Осси жмется ко мне: якобы она моя девушка, ну а я мигом вживаюсь в роль бойфренда — обнимаю ее и перехватываю взгляд Илая. Тот отводит глаза.

— Нет желания попробовать? — шучу я.

— Нет, — бурчит Осень.

После того как Осень прервала наш утренний разговор, Себастьян уехал на мероприятие в каком-то парке Саут-Джордана. Домой он вернется лишь после шести, но это не удерживает меня от поминутной проверки сообщений: не появились ли эмодзи с тайным смыслом?

Нет, не появились.

Мне не нравится, что разговор мы прервали небрежным «Созвонимся позже», а еще меньше — что Себастьяну невдомек, как сильно меня задело сказанное в четверг. Я читал о таком в брошюрах, которые принесла мама, — у детей-квиров обостренная неуверенность в себе, страх, что нас отвергнут не из-за личных качеств, а из-за нашей глубинной сущности, — но сам подобного прежде не испытывал. Если Себастьян не считает себя геем, какого черта он ко мне липнет?!

Я плотнее прижимаю Осси к себе: тяжесть ее тела успокаивает.

Мэнни зовет нескольких парней помочь ему собрать большой радиоуправляемый «Хамви» [«Хамви» — американский военный внедорожник. Обладает высокой проходимостью, пригоден к транспортировке по воздуху и десантированию парашютным способом.], потом они по очереди катают его по неровной земле, по тропке к озеру, по некрупным камням вокруг парковки.
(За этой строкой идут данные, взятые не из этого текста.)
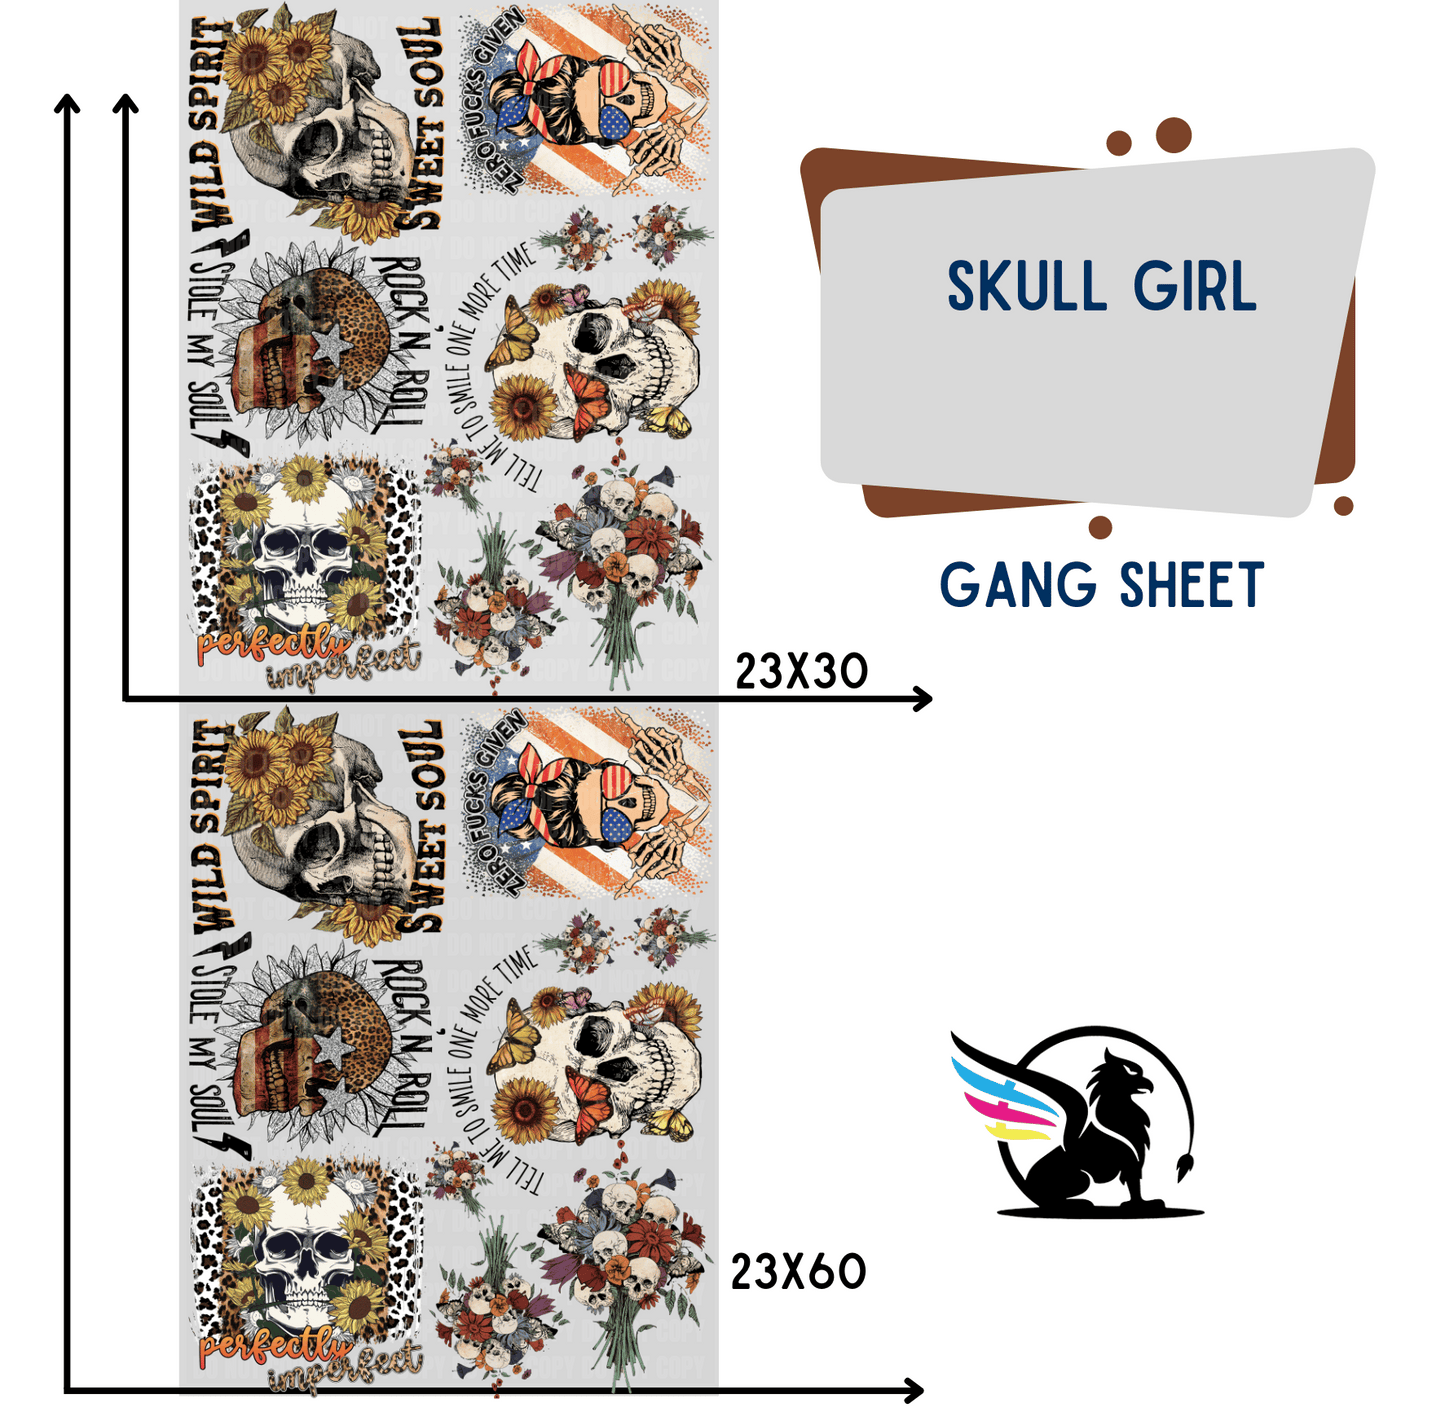 Premade Gang Sheet | Skull Girl

Отвлекает нас шум драки, завязавшейся поодаль, возле моей машины. Приятели Коула хохочут и тузят друг друга. На наших глазах крепыш, которого, кажется, зовут Мика, сбивает Илая с ног. Илай брыкается, толкается, пинается, а встать не может. Не представляю, за что его повалили наземь. Потасовка явно дружеская, но мне в кайф видеть его уложенным на лопатки. С Илаем мы и парой слов не перекинулись, но у него на лбу написано: «Придурок».

— А ну слезь с меня, педик! — вопит Илай.

Внутри меня абсолютный ноль — все замирает. Энергия, до самой последней капли, расходуется на то, чтобы сохранить лицо.

Осси тоже замирает в моих объятиях. Слово «педик» эхом летит над озером, но за живое оно задело только нас двоих.

Мика смеется еще громче и помогает Илаю встать.

— Да у тебя хренов стояк, ты, педрила гребаный! — Илай отряхивает джинсы. Он раскраснелся пуще прежнего.

Я отворачиваюсь, якобы решив просто полюбоваться горами на горизонте, но, когда бросаю взгляд на Осень, вид у нее такой, словно она готова оторвать Илаю яйца голыми руками. И не упрекнешь ее: я в шоке от того, что кто-то до сих пор так говорит.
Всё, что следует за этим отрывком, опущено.